Pengawasan ketat dan pemantauan saturasi oksigen dibutuhkan pada anak- anak
tersebut. Suplementasi oksigen harus tersedia untuk mempertahankan saturasi
oksigen pada tingkat meinimal jika dibutuhkan.
Profilaksis antibiotik. Endokarditis bakterial merupakan komplikasi berat
dari penyakit jantung kongenital namun jarang terjadi. Pasien yang menjalani
prosedur bedah yang melibatkan permukaan mukosa atau jaringan yang
terkontaminasi biasanya mengalami bakteremia transien. Bakteri yang
ditransmisikan lewat darah dapat menetap pada katup yang rusak atau abnormal
atau pada endotel di sekitar defek anatomik kongenital, yang menyebabkan
terjadinya endokarditis bakterial. Karena tidak mungkin untuk memperkirakan
pasien mana yang akan mengalami infeksi atau prosedur mana yang harus
bertanggung jawab, antibiotik profilaksis disarankan pada semua pasien yang
beresiko mengalami endokarditis karena telah mengalami prosedur yang
memudahkan terjadinya bakteremia oleh organisme yang biasanya menyebabkan
endokarditis. Pada pasien dengan prolaps katup mitral, profilaksis disarankan jika
terjadi regurgitasi mitral.
Kategori resiko tinggi pemberian antibiotik profilaksis pada : katup
jantung buatan, termasuk bioprostetik dan katup homograf, endokarditis jantung
kongenital sianotik kompleks (misalnya ventrikel tunggal), transposisi arteri besar,
tetralogi fallot, shunt/ conduit sistemik pulmonal yang telah dibedah rekonstruksi.
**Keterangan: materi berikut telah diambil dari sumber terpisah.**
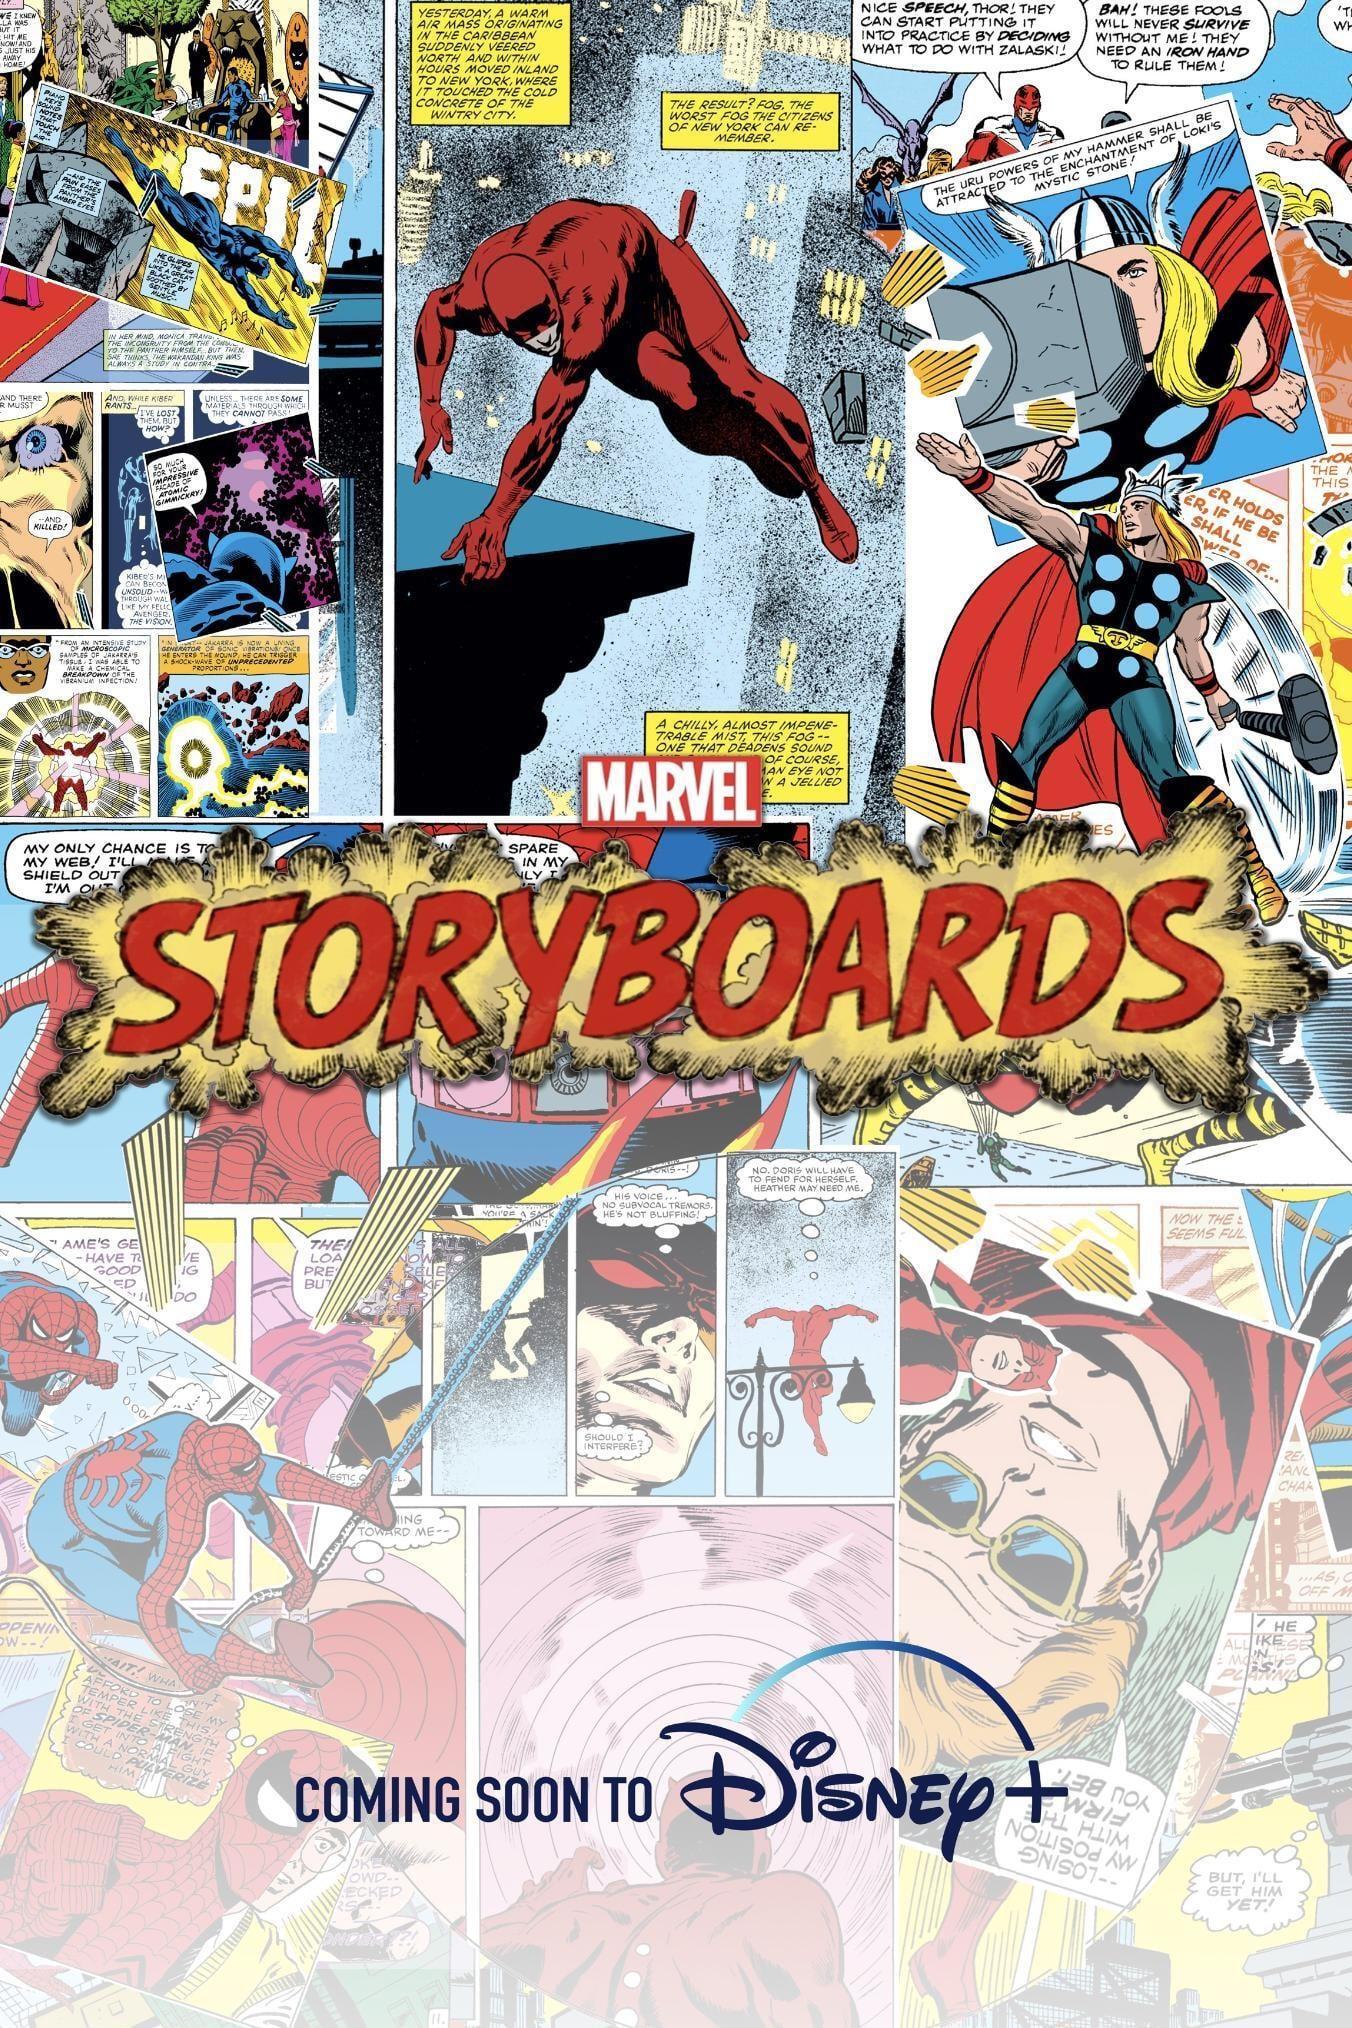 TV ratings for Marvel’s Storyboards in Alemania. Disney+ TV series

Sedangkan kategori resiko sedang terdapat pada malformasi jantung kongenital
lainnya, disfungsi katup yang didapat (penyakit jantung rematik), kardiomiopati
hipertropik, prolaps katup mitral dengan regurgitasi katup dan atau penebalan
daun katup. Kategori resiko rendah pada ASD sekunder terisolasi, ASD, VSD,
PDA yang telah dibedah reparasi (tanpa residu dalam 6 bulan), bedah pintas
koroner sebelumnya, prolaps katup mitral tanpa regurgitasi katup, bising jantung
fisiologik, fungsional atau inosen, penyakit kawasaki sebelumnya tanpa disfungsi
katup, demam rematik sebelumnya tanpa disfungsi katup, alat pacu jantung
(intravaskuler dan epikardial) dan defibrilator implan
Prosedur yang disarankan mendapatkan profilaksis endokarditis adalah :
ekstraksi gigi, prosedur periodontal, pemasangan implan gigi dan reimplantasi,
instrumen endodontik atau pembedahan sampai bagian apeks, pemasangan
fiber/strip antibiotik pada subgingiva, pemasangan awal kawat gigi, injeksi
anestetik lokal intraligamen, pembersihan gigi atau implan. Prosedur lainnya
adalah : tonsilektomi dan atau adenoidektomi, pembedahan yang melibatkan
mukosa pernafasan, bronkoskopi dengan bronkoskop yang kaku. Prosedur saluran
cerna yaitu pada skleroterapi untuk varises esofagus, dilatasi striktur esofagus,
endoscopic retrograde cholangiography dengan obstruksi bilier, pembedahan
saluran bilier, pembedahan yang melibatkan mukosa usus. Prosedur pembedahan
saluran kemih yaitu bedah prostat, sistoskopi, dilatasi uretra.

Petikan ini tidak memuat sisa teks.